Немецкие офицеры стояли в стороне неподвижные, как истуканы. У машин с автоматами наизготовку выстроились солдаты. С той же каменной бесстрастностью, что и офицеры, они смотрели на колхозников, и на их лицах нельзя было прочесть никаких чувств.
На сходе выступил один Свербицкий. Говорил он витиевато, туманно, голосом вкрадчивым и елейным, как деревенский поп. Упомянул о врагах рода человеческого, о сетях и клейме антихриста, о страшном суде, который ждет грешников. Долго распространялся о том, как денно и нощно печется немецкое командование, чтобы скорей наладить в районе спокойную жизнь, разрушенную большевиками, установить новый, лучший порядок. Только когда Свербицкий дошел до убийства немца, голос у него стал визгливым и маленькие глазки, обрамленные воспаленными веками, забегали, как злобные зверьки.
— Партизанских рук дело. Знаю. Ваши бабы уже поплатились за злодеяние. Мы большевистскую заразу с корнем вырвем. В лесу орудуют разбойники-партизаны. Мы их скоро всех переловим и повесим. А пока предупреждаю: каждого, кто будет споспешествовать партизанам, снабжать продуктами или оружием, давать ночлег или поддерживать любую другую связь, — постигнет жестокая кара.
Свербицкий поднял к низкому холодному небу клином подстриженную бороду, повторил:
— Кара!
Это слово в устах маленького дряхлого человека звучало зловеще. Сход молчал. Только в задних рядах всхлипывали и шумно вздыхали бабы, да у одной молодухи на руках заплакал ребенок.
— Уйми щенка, сука, — не выдержал Свербицкий и метнул в толпу свирепый взгляд.
— Особенно это касается лиц пришлых, — многозначительно заключил он свою речь. — Есть такие и у вас. До них я еще доберусь. Посмотрю, что за птицы…
Анне показалось, что при этих словах Свербицкий посмотрел в ее сторону. Сразу вспомнились все рассказы о криках и стонах, которые раздаются из подвала дома, где обосновались полицаи.
Солдаты принесли соломы, обложили Степанидину хату и подожгли. Хата сгорела быстро, как порох. Только одно бревно долго чадило, наполняя улицу тревожной, горькой гарью.

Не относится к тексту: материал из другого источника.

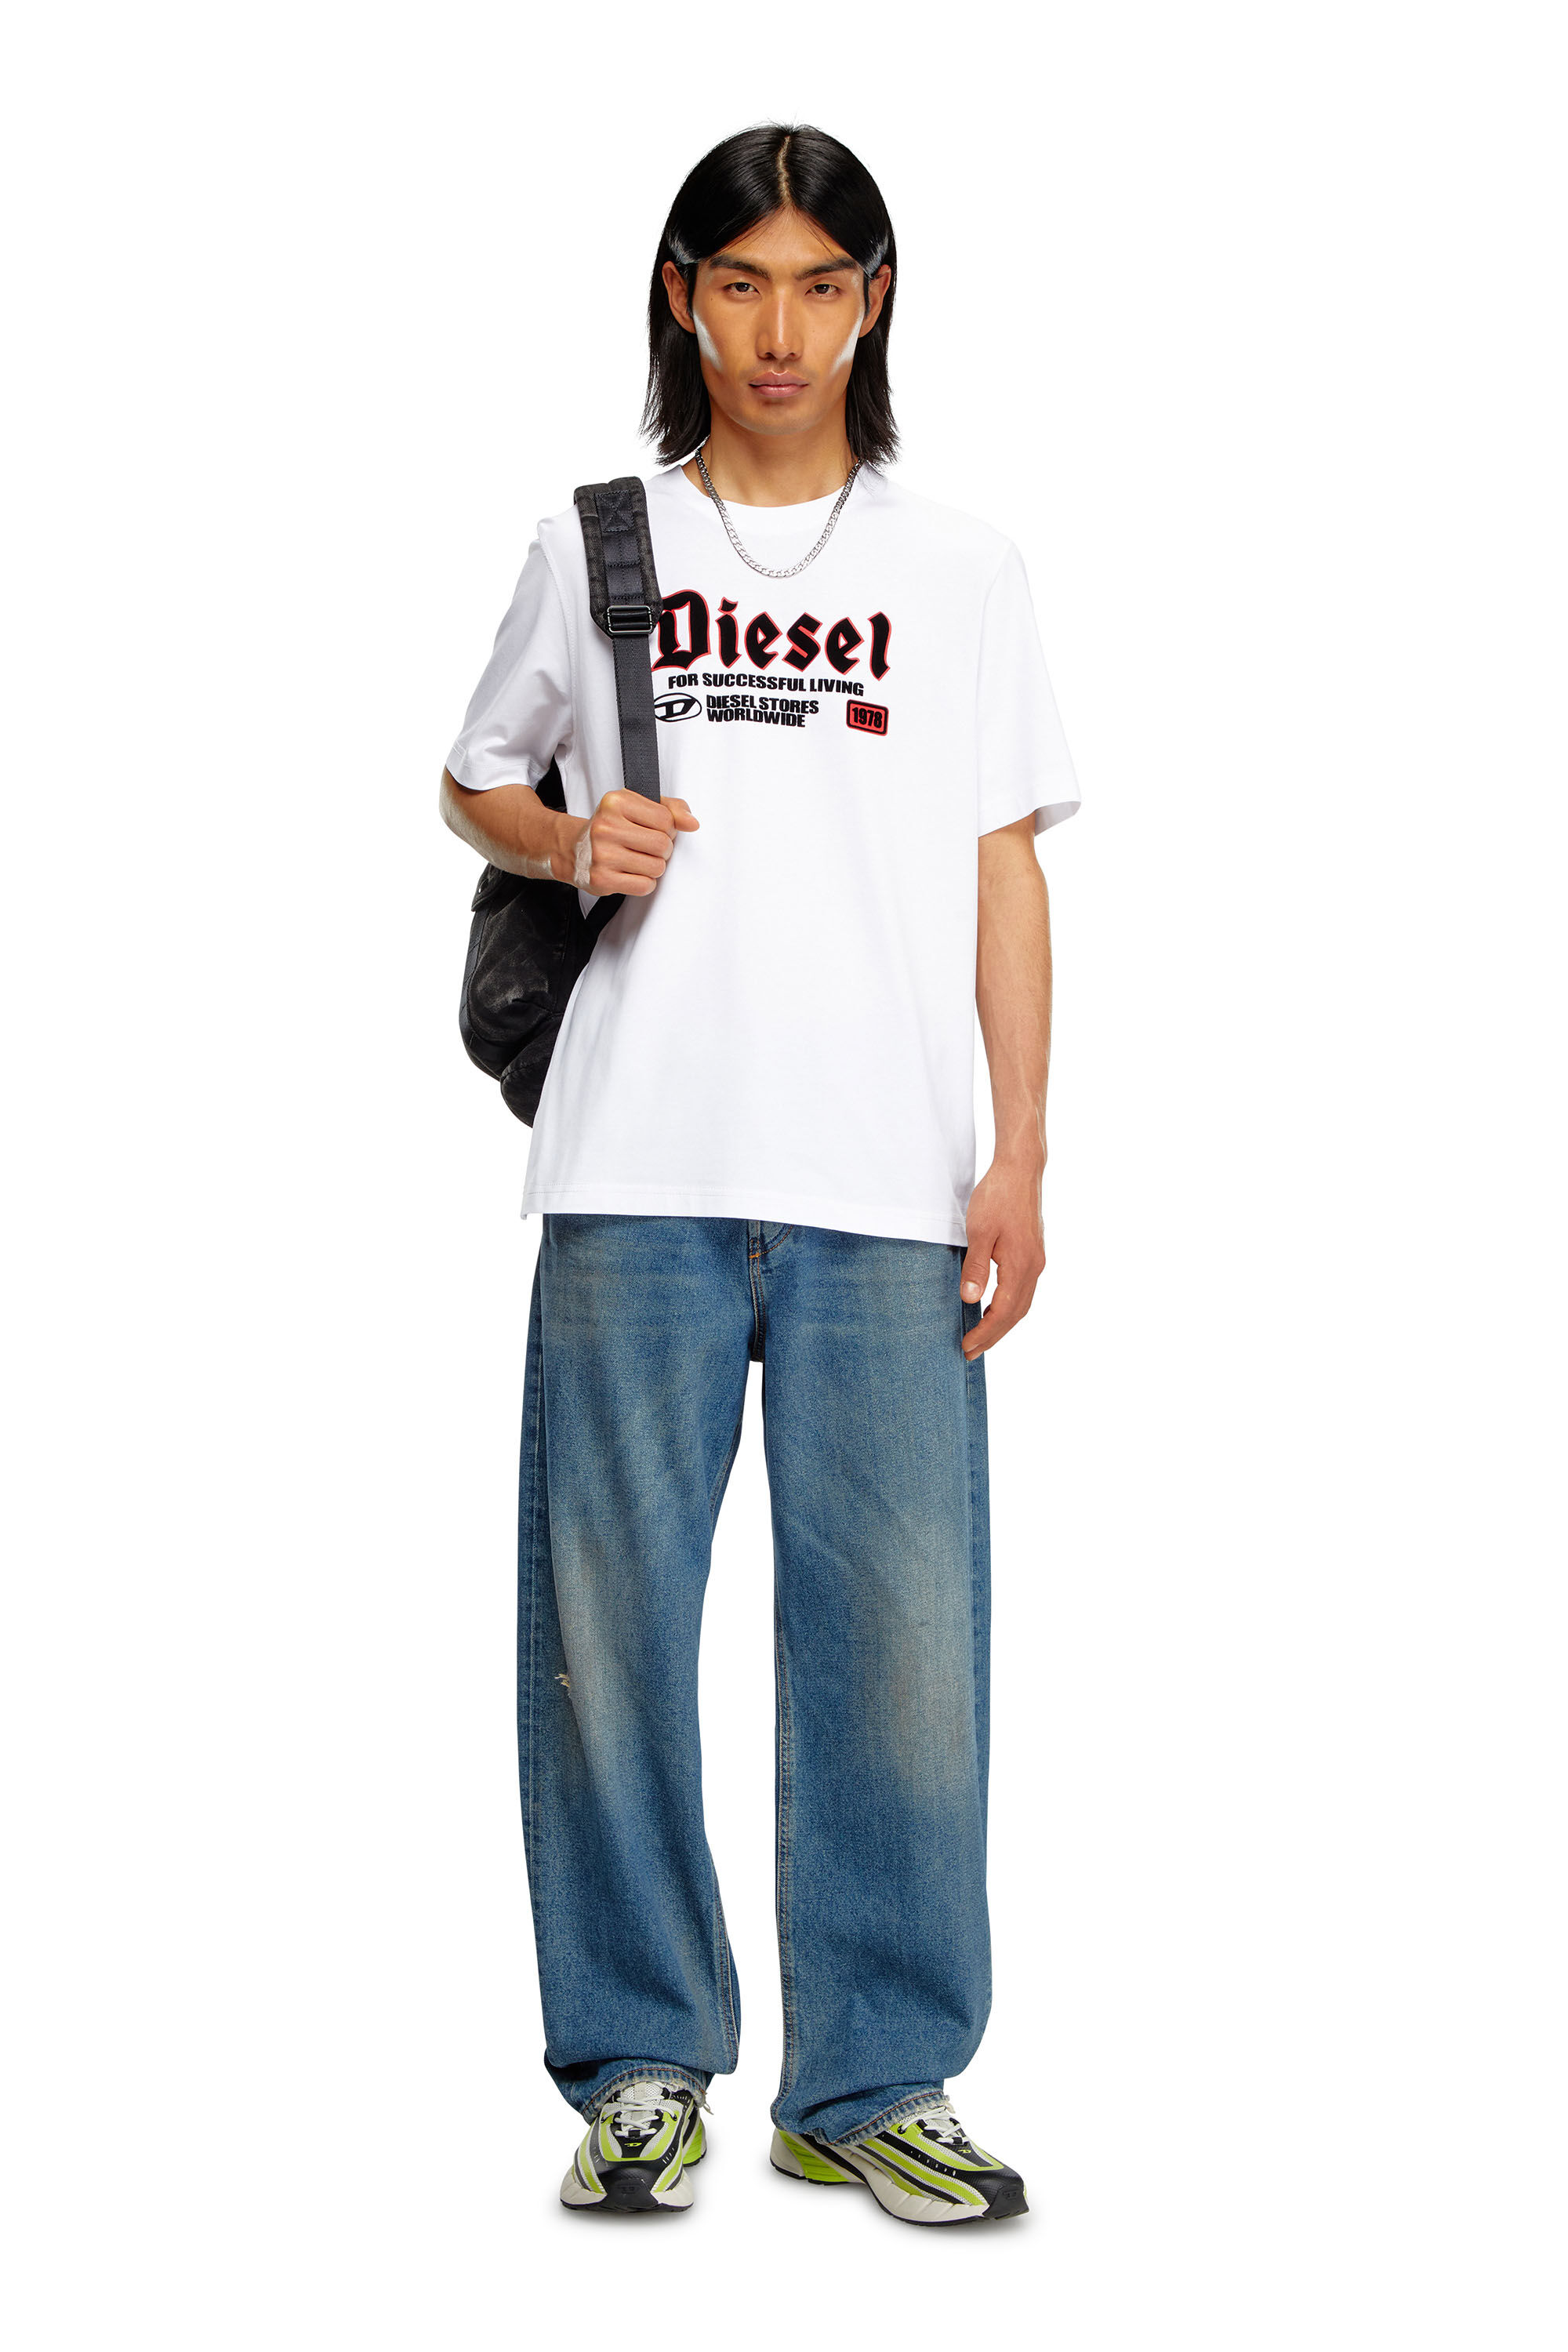 Diesel - T-ADJUST-K1, Homme T-shirt avec imprimé Diesel floqué in Blanc - Image 1
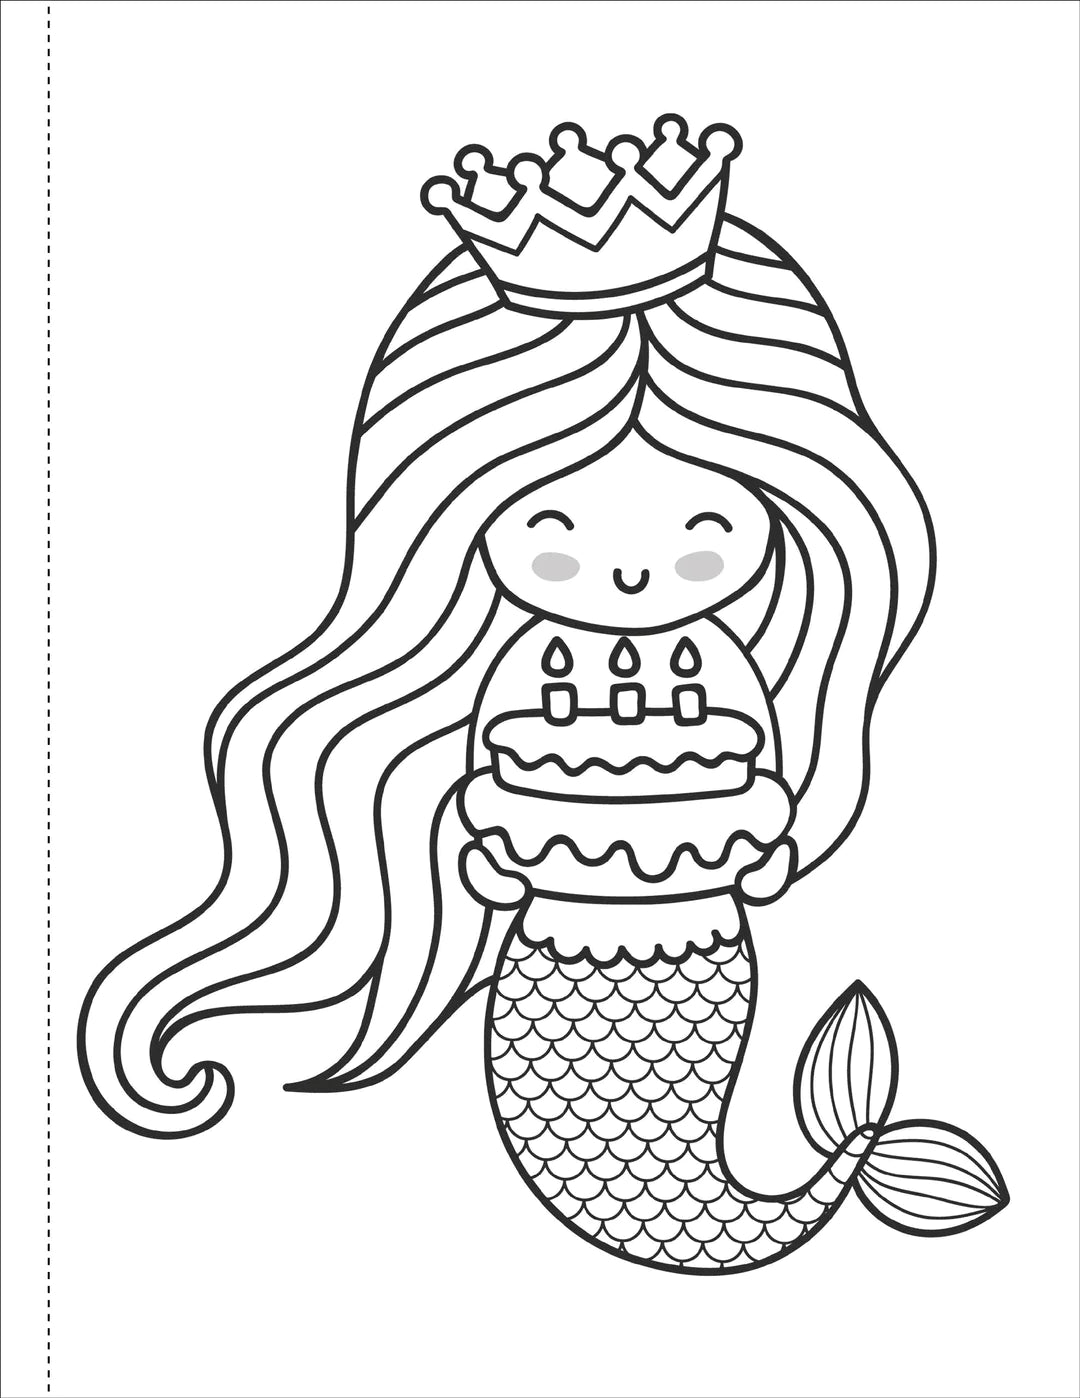 Mermaids Coloring Book

Снег, порозовевший во время пожара, снова потускнел. Стало холодно и страшно.
X
Прошло дней пять. Как-то вечером, уложив пораньше детей, Анна занялась стиркой. Прополоскав рубашки — свою и ребят — и повесив у печки, чтобы просохли до утра (смены белья не было), легла на лавку, укрылась рваным Марысиным тулупом, пахнущим дымом и ржаным хлебом, и потушила коптилку.
Метель, начавшаяся с вечера, к полуночи разбушевалась не на шутку. Звякали, вздрагивая, одинарные ветхие оконные рамы, ветер выл в трубе, у калитки стучала оторвавшаяся доска.